Objectives: Historical data suggest chemotherapy responses are poor in gynecologic cancer patients with recurrence in previously radiated fields, but the effectiveness of immunotherapy (IO) in this setting remains unclear. This study evaluated IO response and survival in patients with endometrial (EC) and cervical cancer (CC) with recurrence within or outside the radiated field.
Methods: A retrospective, single-institution cohort study was conducted in EC and CC patients treated with IO between 2017 and 2023. Patients were categorized by recurrence site: (1) within the radiated field, (2) both in and out of the radiated field, and (3) outside the radiated field. Descriptive and univariate analyses were performed. Progression-free survival (PFS) was defined from IO initiation to progression or death, and overall survival (OS) from diagnosis to death. Kaplan-Meier methods assessed survival.

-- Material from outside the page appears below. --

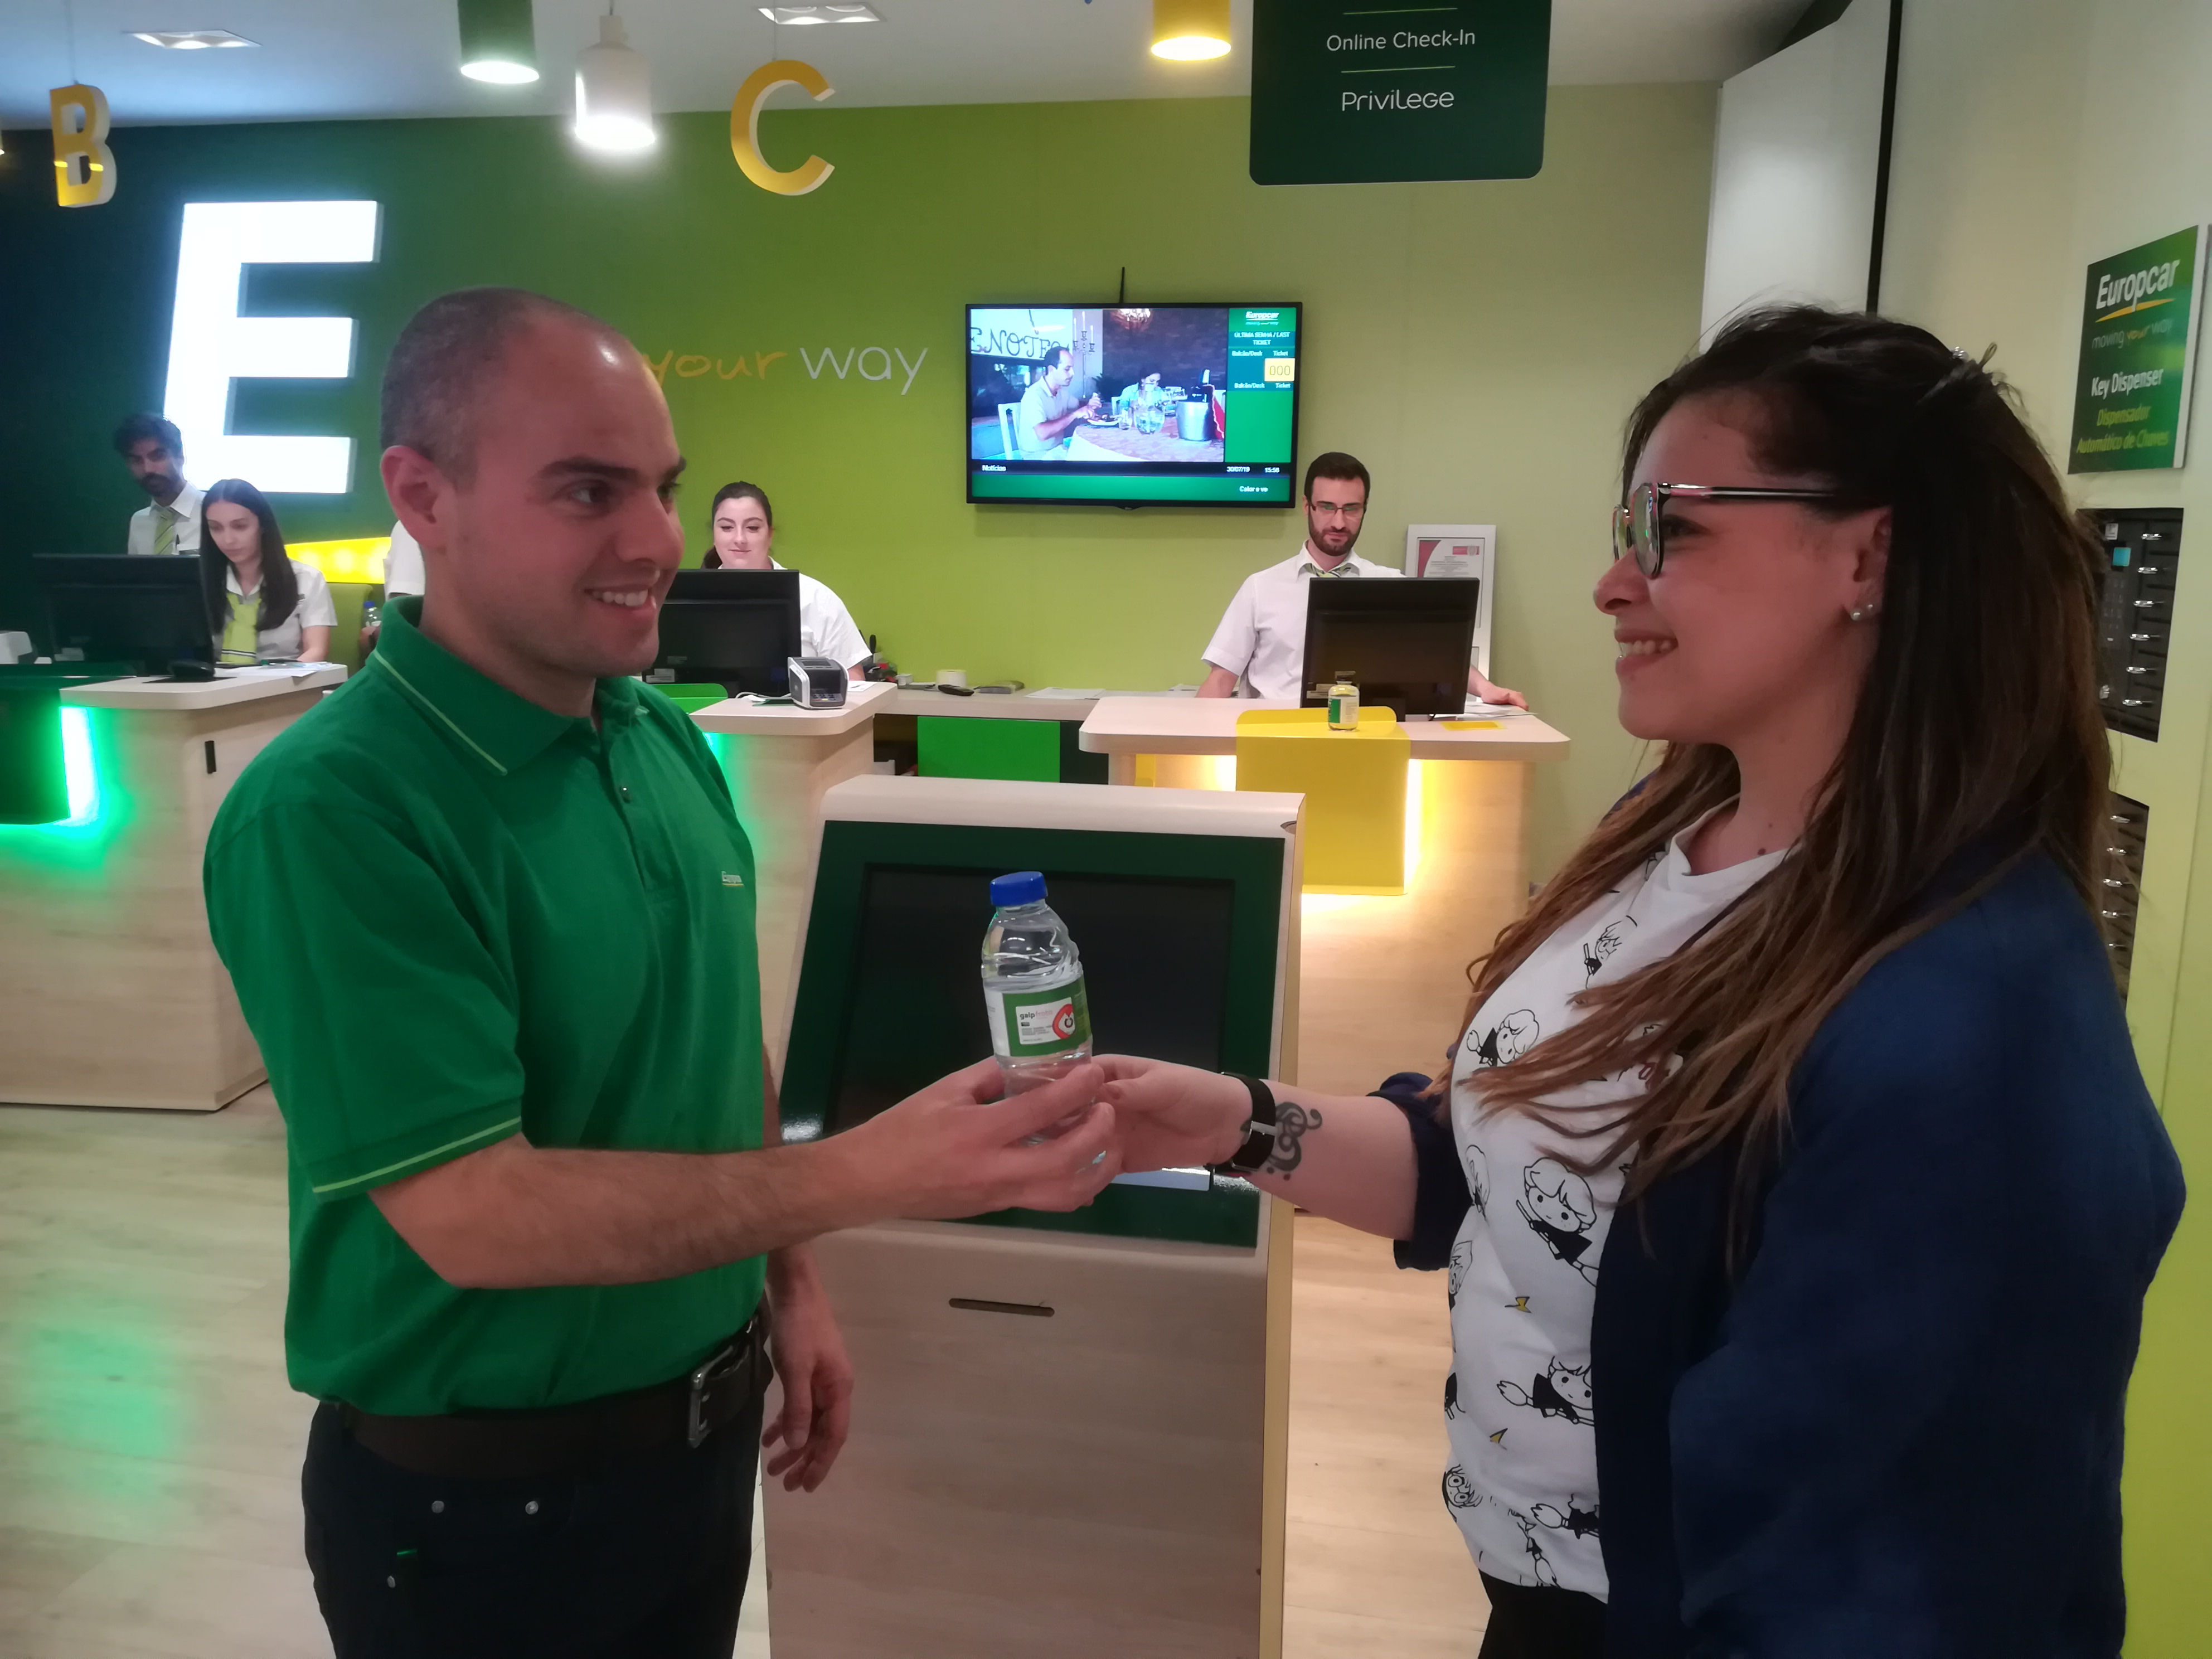 A Galp tem uma parceria com a Europcar!

Results: Seventy-four patients with EC and 59 with CC were included. In EC, 12% recurred within the radiated field, 32% both in and out, and 55% outside. In CC, 20% recurred within the radiated field, 44% both in and out, and 36% outside. Complete response rates (CRR) and survival outcomes were similar across groups. For EC, CRRs were 44.4%, 20.8%, and 25.6% (p = 0.58) with median PFS of 86.5, 9.7, and 6.8 months, respectively. For CC, CRRs were 16.7%, 24%, and 10% (p = 0.31) with median PFS of 12.2, 4.6, and 3.4 months.
Conclusions: IO response and survival outcomes did not differ by recurrence location relative to prior radiation fields in recurrent EC or CC.
Keywords: Cervical cancer; Endometrial cancer; Immune checkpoint inhibitors; Immunotherapy; Radiated field recurrence; Radiation therapy.